The American Society of Functional Neuroradiology (ASFNR) and the American Society of Neuroradiology (ASNR) acknowledge the challenges with artificial intelligence in neurology and created an Artificial intelligence Workshop Technology Workgroup.3 This group published a critical appraisal of Artificial Intelligence (AI)-enabled imaging tools using the levels of evidence system demonstrated in the American Journal of Neuroradiology. They call for critical appraisal of enabled image tools throughout the life cycle from development to implementation using systematic, standardized and an objective approaches that can verify both the technical and clinical efficacy of the tool. A challenge for developing AI models is accessing comprehensive and large data sets that can be utilized to train the technology. These data sets should represent the intended population and provide a diverse group from which the data may be extrapolated.

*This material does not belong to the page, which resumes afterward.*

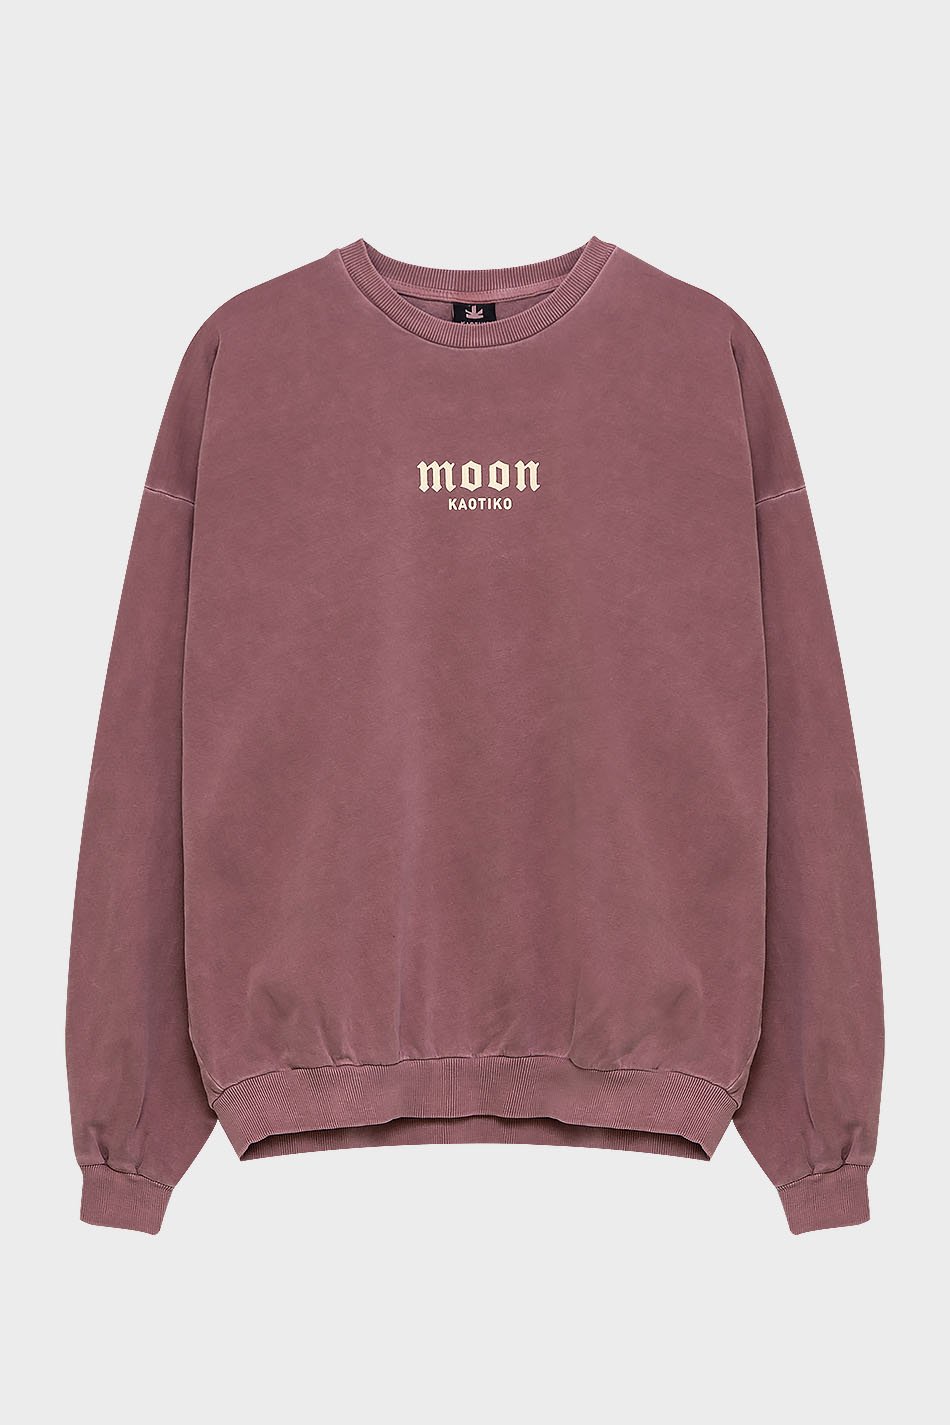 Bordeaux Washed Moon Sweatshirt

This paper provides a resource for clinicians to aid in critical assessment of AI technologies to ensure safe and effective implementation of such technology into healthcare practices. 3
FDA cleared devices as of the publication date of this LCD include:
- NeuroQuantTM Medical Image Processing Software, which is registered as a Class II device under FDA 510(k) and intended for “automatic labeling, visualization and volumetric quantification of segmentable brain structures from a set of magnetic resonance images (MRI)”. NeuroQuant 4.0 uses AI modalities of machine learning and deep learning to aid in identifying complex patterns in imaging data.4
- Icobrain is registered as a Class II device under FDA 510(k) pathway.7-10 It is intended for “automatic labeling, visualization and volumetric quantification of segmental brain structures from a set of MRI images”. The predicate device is NeuroQuant.
- Icobrain aria, which is registered as a Class II device under FDA 510(k) pathway described as a software-only device for assisting radiologists with the detection and quantification of amyloid-related imaging abnormalities (ARIA) on brain MRI scans in patients undergoing an amyloid-beta directed antibody therapy. 5 Icobrain aria automatically processes inputs from brain MRI scans from 2 time points and calculates the ARIA-E (edema/sulcal effusion): the length of the longest axis computed from the segmented ARIA-E abnormalities, and the number of brain sites affected by ARIA-E; and ARIA-H (hemorrhage/superficial siderosis): which is the count of stable and new T2*-GRE hypo-intensities indicated as microhemorrhages or superficial siderosis.5 Using these measurements the ARIA radiographic severity is automatically derived based on deep learning technology and reported electronically. The intended use of the device is “as a computer-assisted detection and diagnosis software to be used as a concurrent reading aid to help trained radiologists in the detection, assessment, and characterization of ARIA. The software provides information about the presence, location, size, severity and changes of ARIA-E and ARIA-H. Patient management decisions should not be made solely based on analysis by Icobrain aria.” The device is not intended to replace radiologist review of images or clinical judgment and is not intended to be used to segment macro hemorrhages (diameter 10mm or more).6
- DeepBrain, which is registered as a Class II device under FDA 510(k) pathway.11 The device is intended for “automatic labeling, quantification and visualization of segmental brain structures from MRI images.” It is intended to be used by trained health professionals.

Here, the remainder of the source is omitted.